LCCI tasks CBN on evaluation of hostile export proceeds policy
May 4, 2021618 views0 comments
Onome Amuge
Nigerian industrialists under the auspices of the Lagos Chamber of Commerce and Industry (LCCI) have enjoined the Central Bank of Nigeria (CBN) to reevaluate its policy on repatriation of export proceeds to facilitate exporters’ easy access to proceeds.

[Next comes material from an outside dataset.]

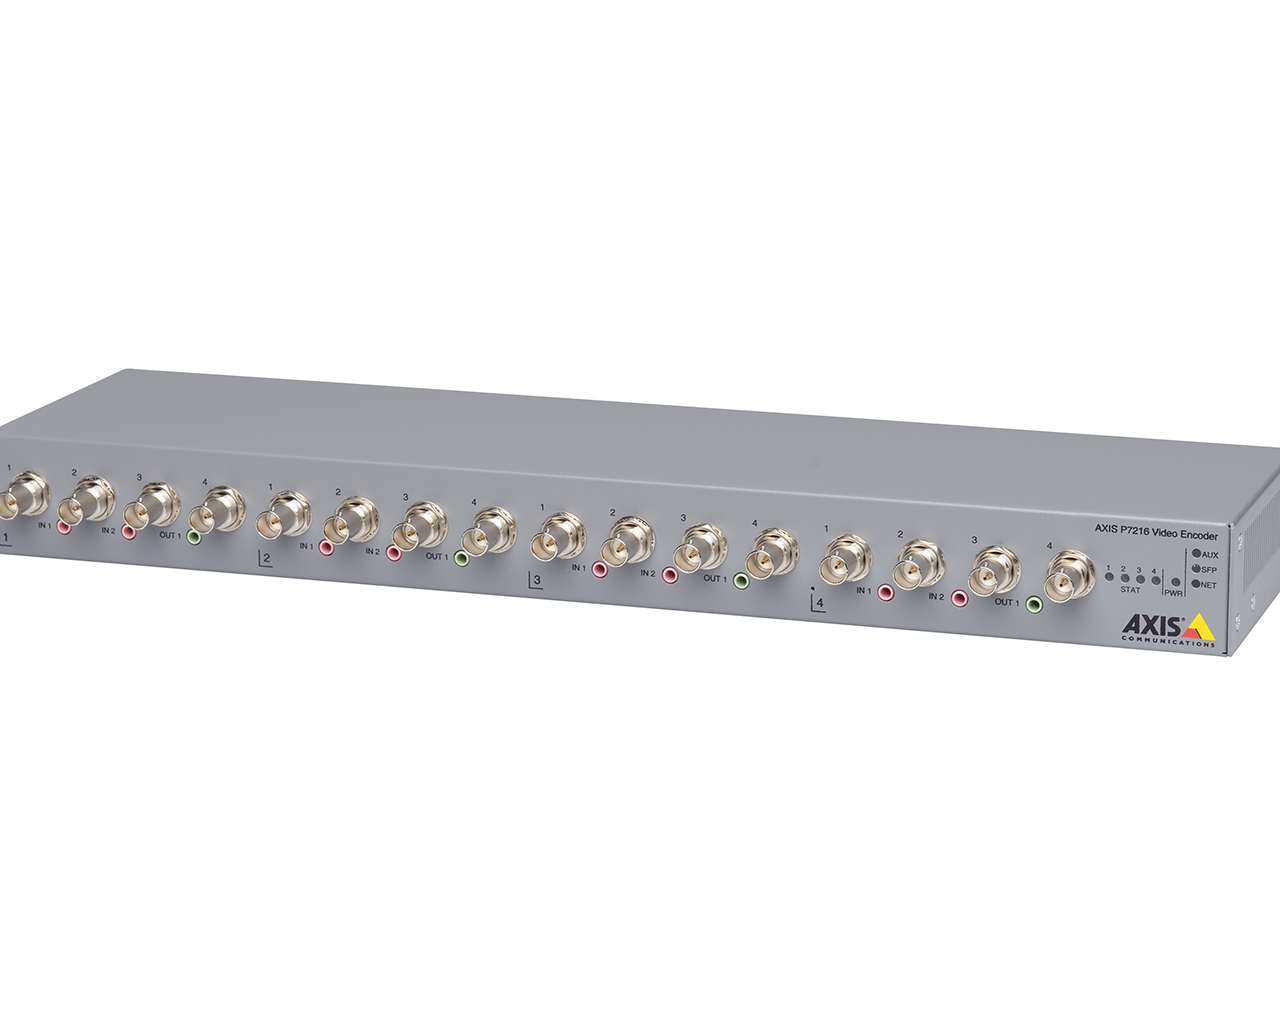 Up to 16 Channels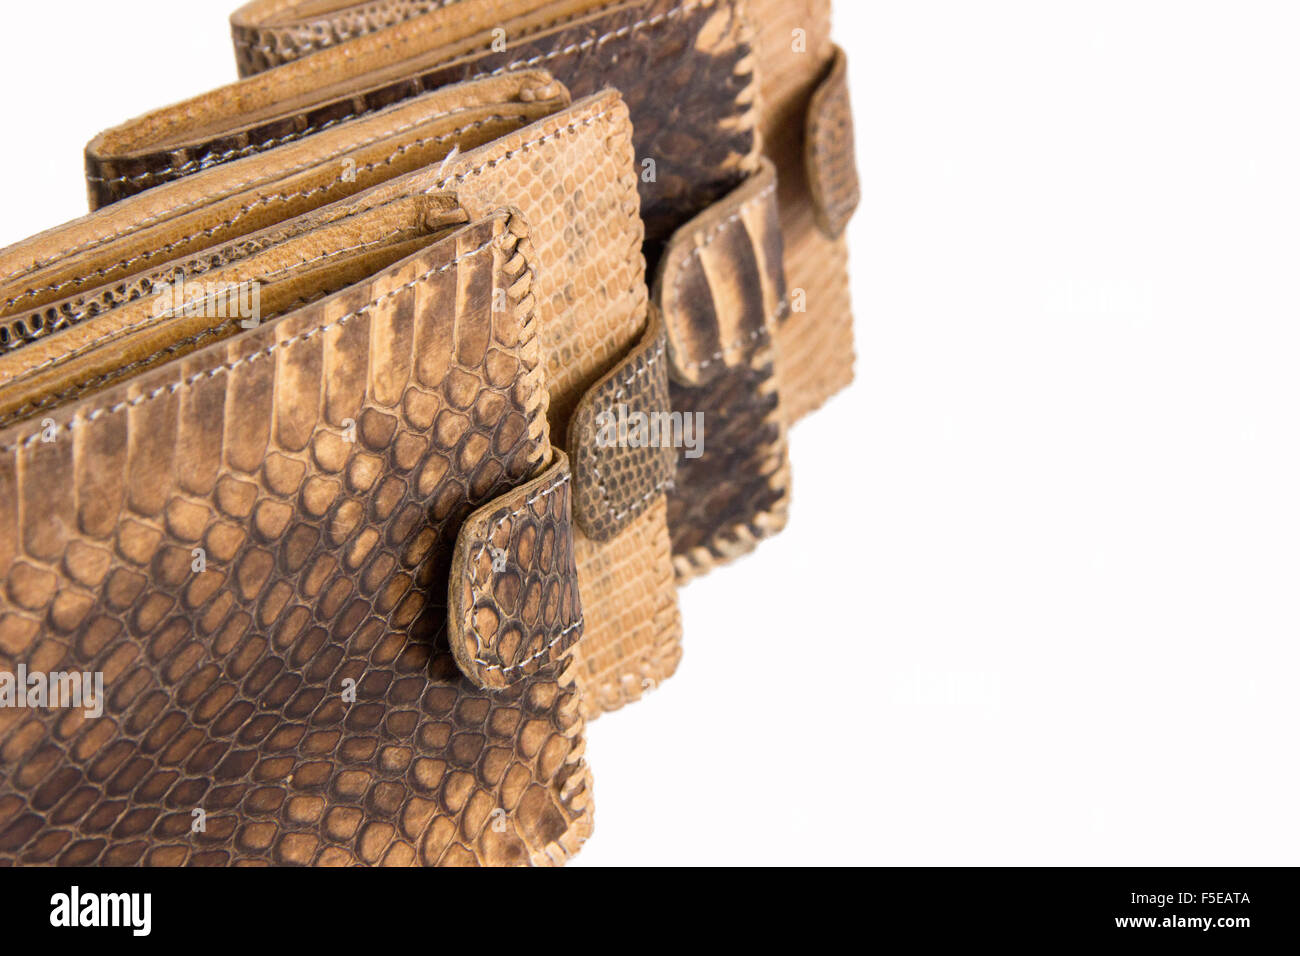 Several brown purse made of snake skin on a white background Stock Photo

Speaking on behalf of local industrialists at the quarterly workshop of Association of Business Editors in Nigeria(ABEN) held recently in Lagos,Muda Yusuf, the director-general, LCCI, called on the apex bank to review its foreign exchange policy on the repatriation of export proceeds so as to boost non-oil export revenues.
According to him, the CBN policy as it stands, has given room for sharp practices and corruption in export documentation processes, with most exporters avoiding filling the Nigerian Export Proceeds Form (NXP), otherwise known as ‘Form NXP’.
The LCCI chief, who spoke on the theme of the workshop: “Strengthening Economic Recovery in a Pandemic through Aggressive Non-Oil Export Drive: Prospects and Challenges.” noted that one of the challenges hindering non-oil export was CBN’s policy that restricts exporters from having free and unfettered access to their export proceeds.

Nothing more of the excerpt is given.